Apple held its annual WWDC developer conference June 8–12, and it delivered something nobody expected it to pull off: a genuinely competitive AI assistant, rebuilt from the ground up with Google’s Gemini under the hood. At the same time, Apple opened the iPhone to rival AI models for the first time — you can now set Claude or ChatGPT as your default AI instead of Siri. And in the background, a brand-new developer framework called Core AI means your iPhone can run full AI models locally, without sending anything to the cloud.

That’s three massive shifts happening at once. And the ripple effects — for every app on your phone, every developer building software, and every company selling AI — are just beginning to land.

“Apple is done playing catch-up with AI. This is the biggest software moment for the company since the App Store.”

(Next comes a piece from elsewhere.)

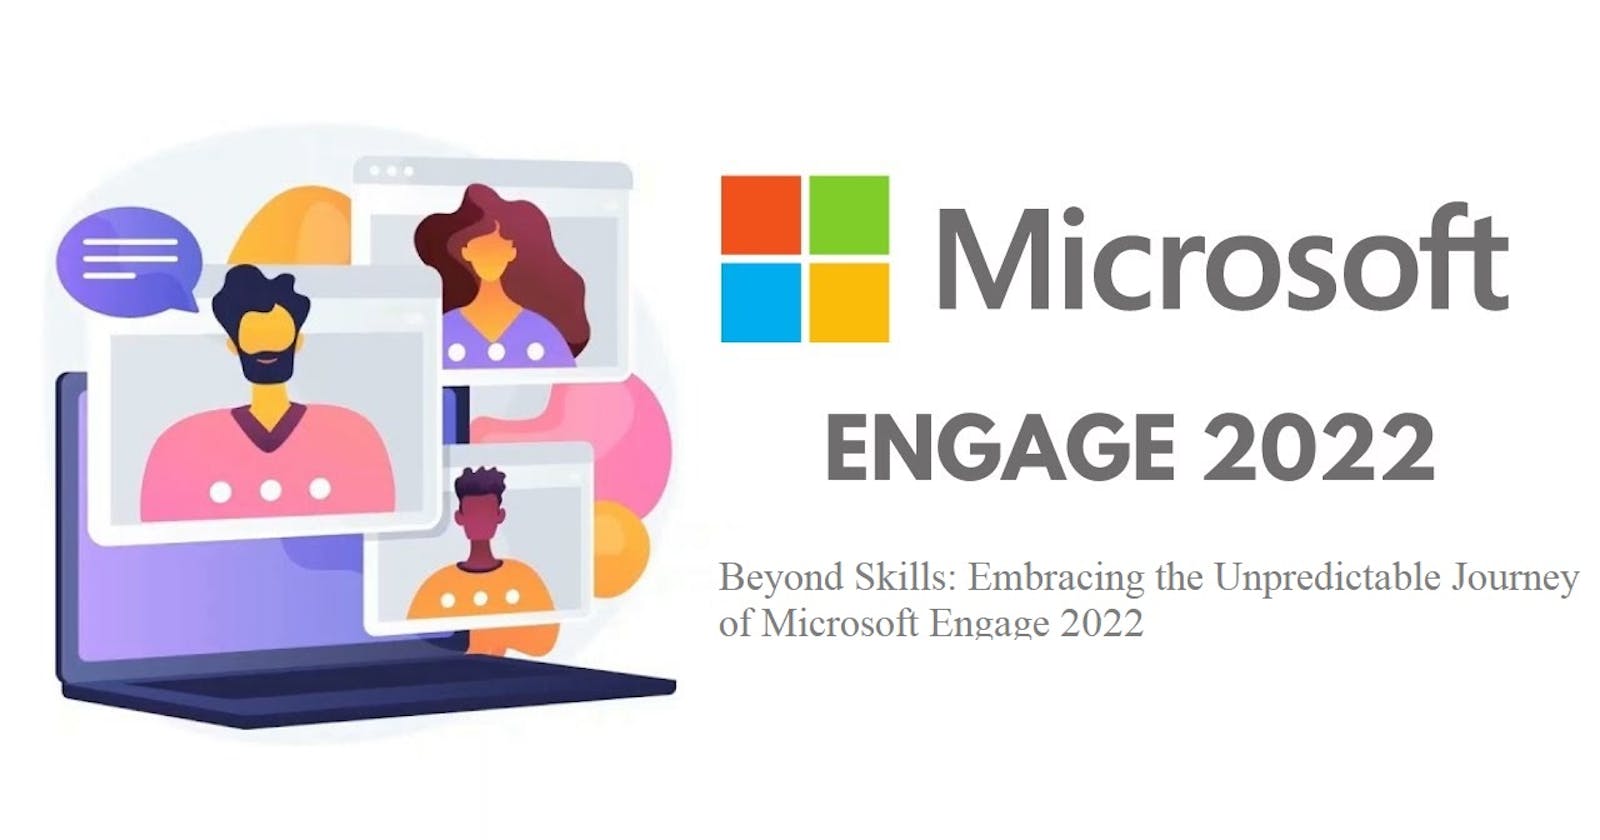 Beyond Skills: Embracing the Unpredictable Journey of Microsoft Engage 2022

How Siri got a brain transplant

Let’s be honest: Siri has been a running joke for years. While ChatGPT and Google’s Gemini were having real conversations, booking restaurants, and writing code, Siri was still misunderstanding ‘Call Mum’ and opening the wrong app. Apple knew it. Users knew it. And when CEO Tim Cook walked on stage at Apple Park on June 8 — for the last time, since he’s handing over to hardware chief John Ternus in September — fixing Siri was the whole point.


So what changed?

Everything under the hood. The new Siri — branded simply as ‘Siri AI’ — is powered by a custom version of Google’s Gemini, a 1.2-trillion-parameter AI model that Apple pays Google roughly $1 billion a year to access. This is the same underlying technology that powers Google’s own assistant, except Apple has tuned it specifically for its devices.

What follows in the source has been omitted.